Hey, remember that time when that awkward guy called about the condo? And he called, like, 20 times and kept trying to talk me down on the rent? And then was an hour and a half late to the showing after I had driven eight hours on winding mountain roads in the rain and hadn't had dinner? So we just left? 'Member when I yelled at him on the phone because of that? That was funny.
Omigod and remember when I showed it to that other girl who was really nice and great and would be a way better tenant than the awkward high-maintenance guy? And the showing went really well and she liked it? And then I took her down in the elevator because I'm nice and was showing her out and then just like in some bad high school Drama Club play where two strangers get stuck in an elevator...that girl and I got stuck in the elevator? And I started to worry that she was claustrophobic and I said, "I swear this never happens," about a hundred times which made it sound like I was lying, even though I wasn't?

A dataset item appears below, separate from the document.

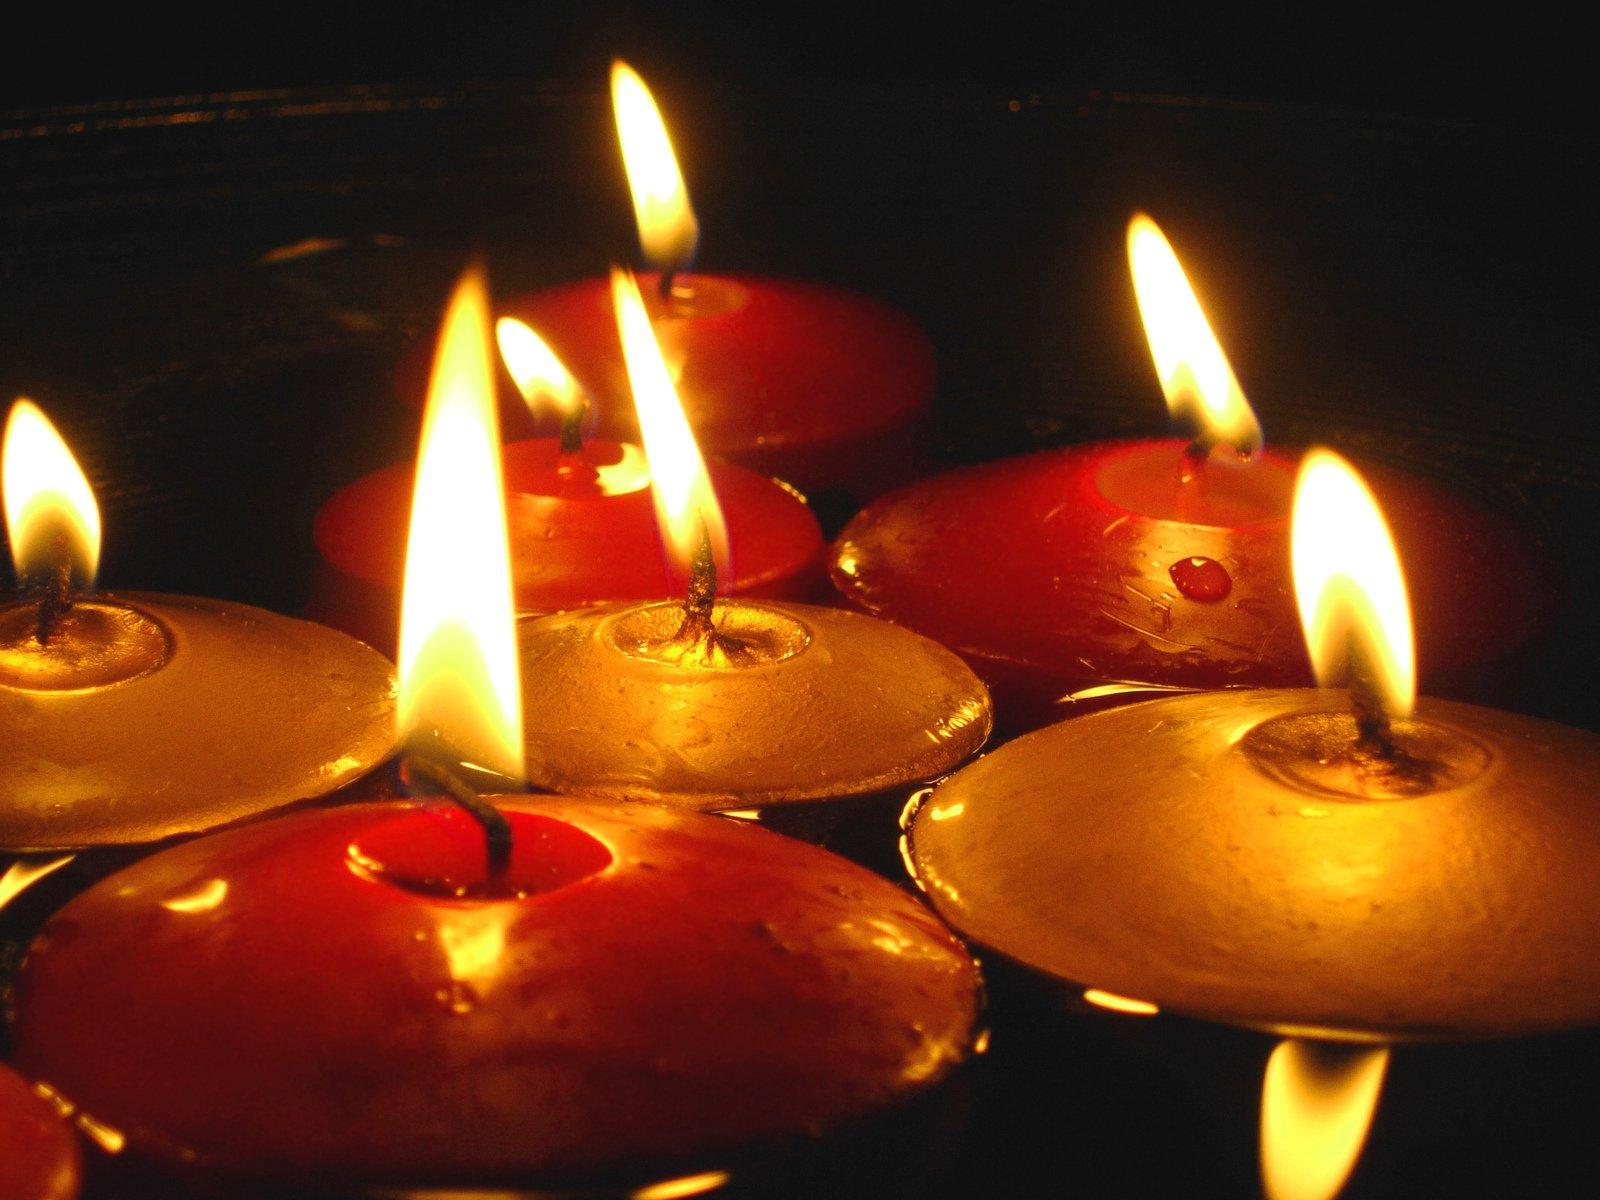 Free candele galleggianti stock photo freeimages

Remember how we learned that the Alarm button in a stuck elevator just rings a bell that sounds like a phone and that bell doesn't go anywhere like the elevator company or the management company, it just rings pointlessly into the building? The building where no one even makes eye contact, so why the hell would they help you get out of an elevator? And then after we called the management company and the elevator got really hot, we got out and everything was fine.

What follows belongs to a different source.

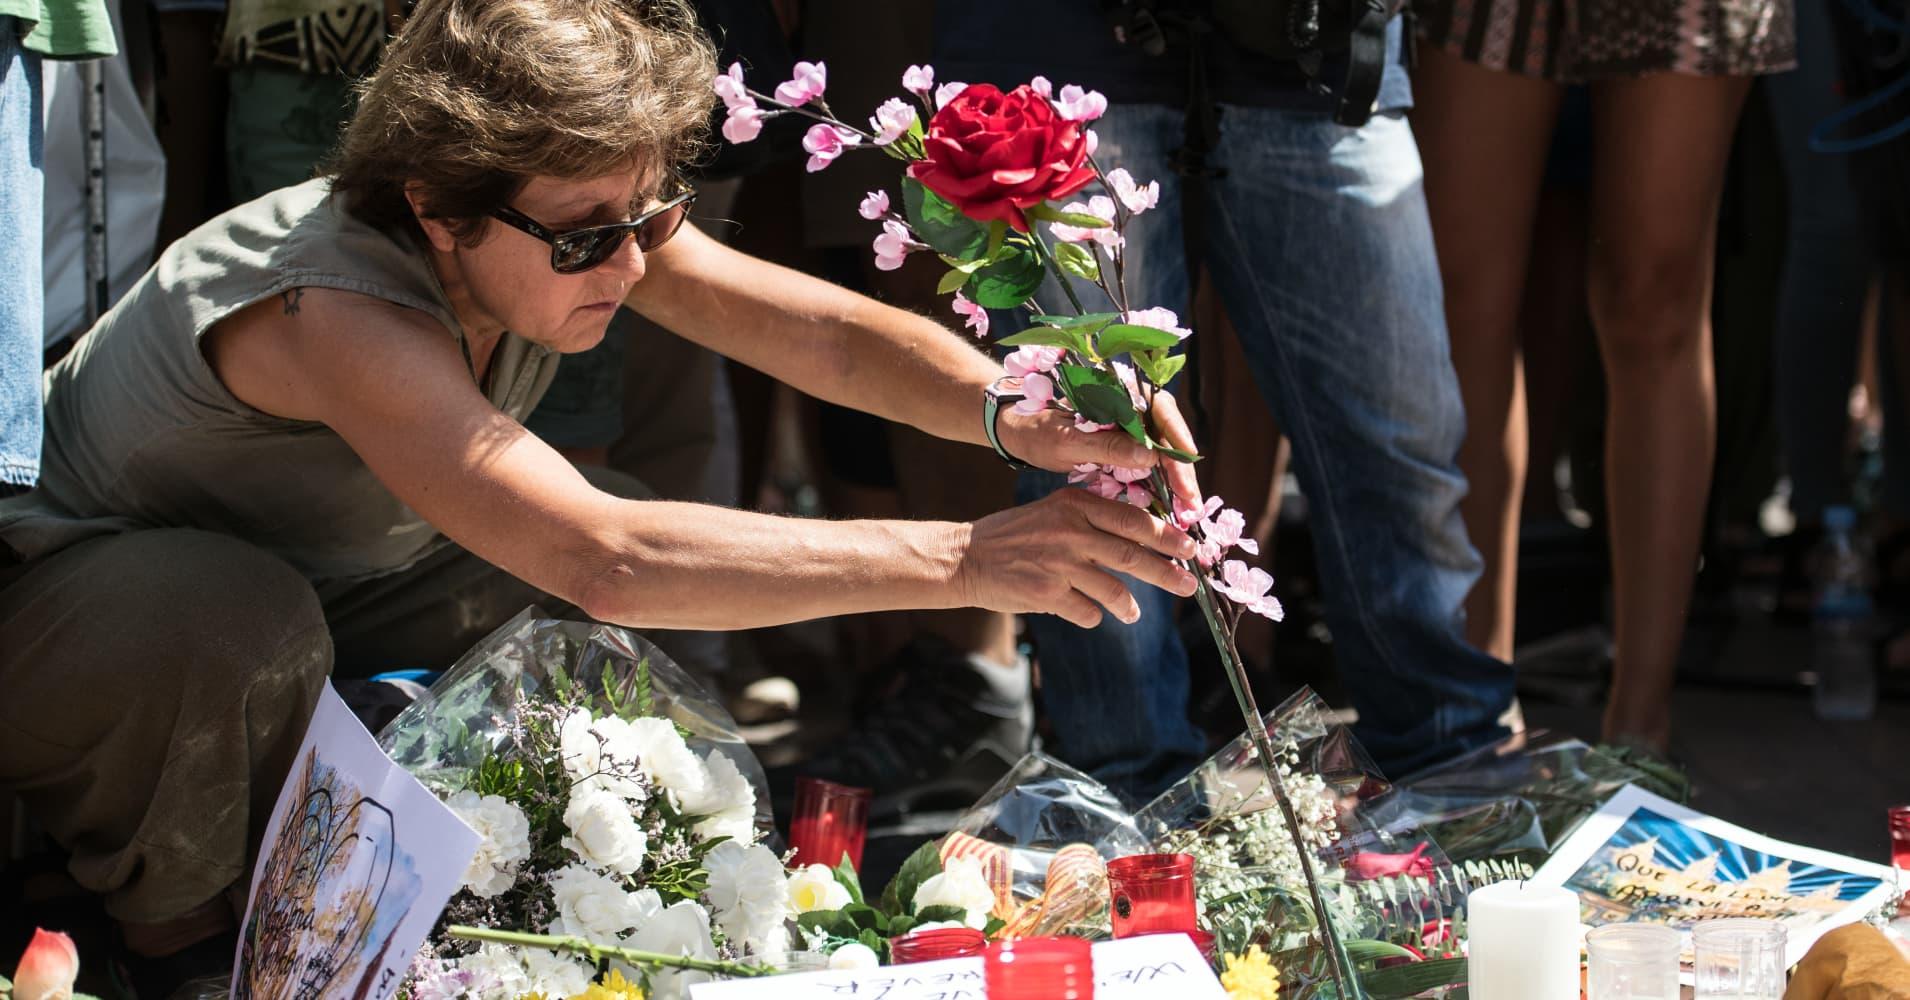 A woman lays a flower on Las Ramblas near the scene yesterday's terrorist attack, on August 18, 2017 in Barcelona, Spain.

Except she didn't take the apartment.
And then remember two days and fourteen more rent-debate phone calls later the Awkward Guy said he'd take it? So we cleaned the place like crazy because he wanted it immediately? Only, remember how he brought all of his stuff in a mini-van cab and piled it in the lobby of the building – tons of stuff all crammed into about 20 big orange garbage bags – and then he tried to talk me down on rent again using strange economic theories that the mini-van cab driver gave him? And I wasn't sure what he was doing because he was the one who was homeless and whose stuff was in an orange plastic pile in my lobby?
And then 'member how he didn't end up taking the place?! After all that? And then he had to call another mini-van cab to take him and his great big orange pile of plastic existence to Motel Village? And we just went home kind of baffled and had pizza. Remember all that? God.